Dug this. Has ceramic (?) embossed pour top with foil still intact.  Any ideas about date? Ideas about how to clean inside without taking top off?


----------



## CanadianBottles (Jan 7, 2020)

I can't make out the date on there, but it dates between that year and the start of prohibition in 1920.  I have no clue how to clean the inside of it without taking that top off though, unfortunately.


----------



## embe (Jan 7, 2020)

Does the inside need cleaning?  That top might have kept it from from getting dirtier, it's in much better shape than some of the bottles I've come across


----------



## Digswithstick (Jan 8, 2020)

Sand and barkeeper's friend soap and bit of water ,pour in hole with funnel , cover hole with thumb , shake vigourusly. Copper bits instead of sand works better


----------



## slugplate (Jan 8, 2020)

That top looks like it can be a pour spout.

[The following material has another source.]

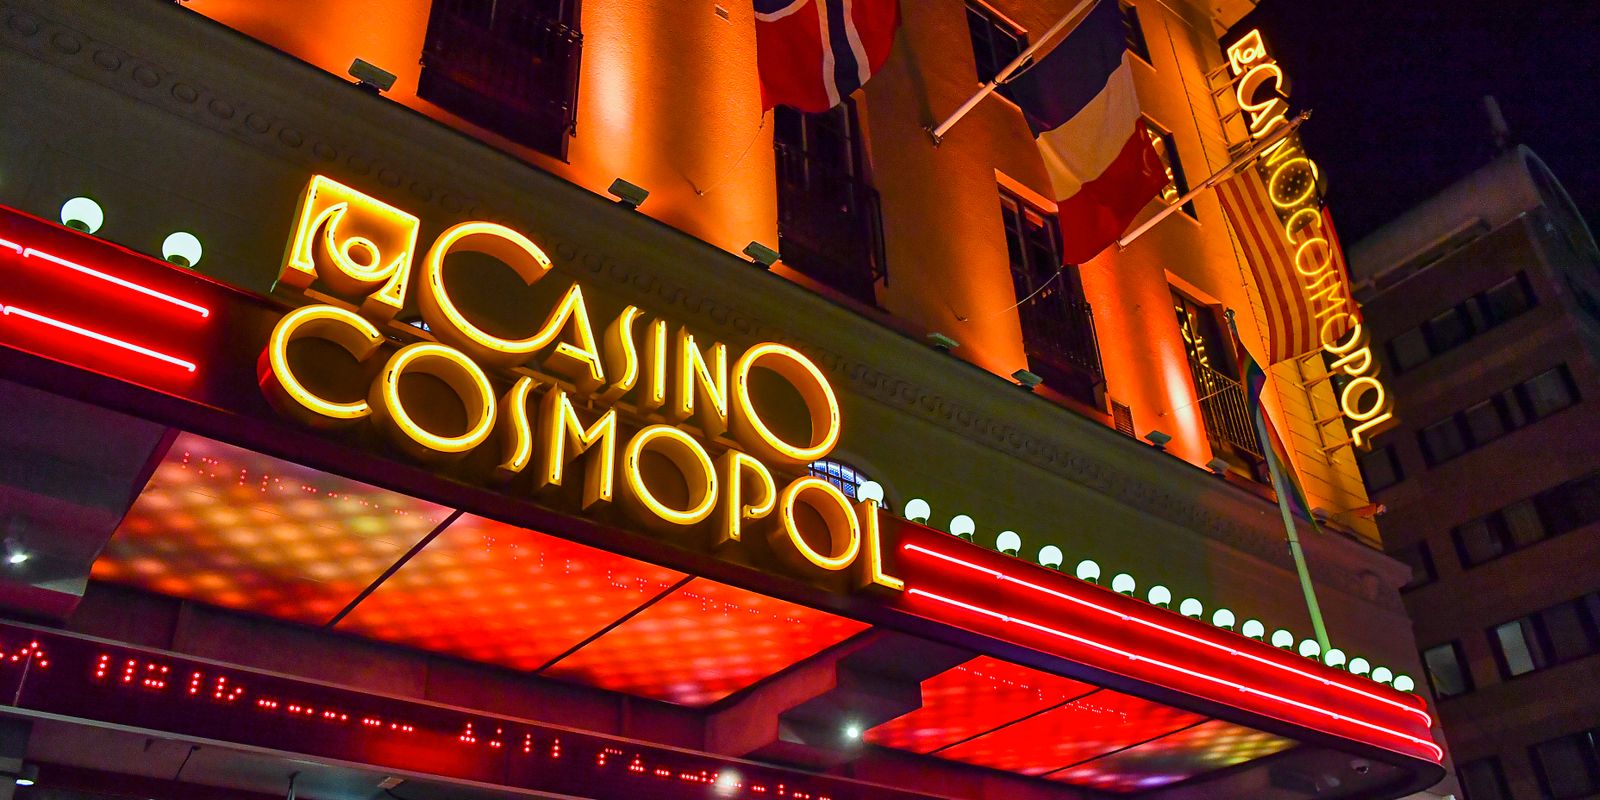 regeringen vill stänga sveriges sista statliga kasino

But, does the inside really need to be cleaned? I'd hold off if it's not too bad.


----------



## Bufflehead (Jan 8, 2020)

As always very helpful. Here’s a zoomed pic. Inside not bad just a few patches. won’t  mess with it anymore.


----------



## sunrunner (Jan 24, 2020)

the stopper was made so the bottle cud not be refilled . the inside mechanism is missing ,so you can put water in now . I would not try to remove the porcelain stopper.


----------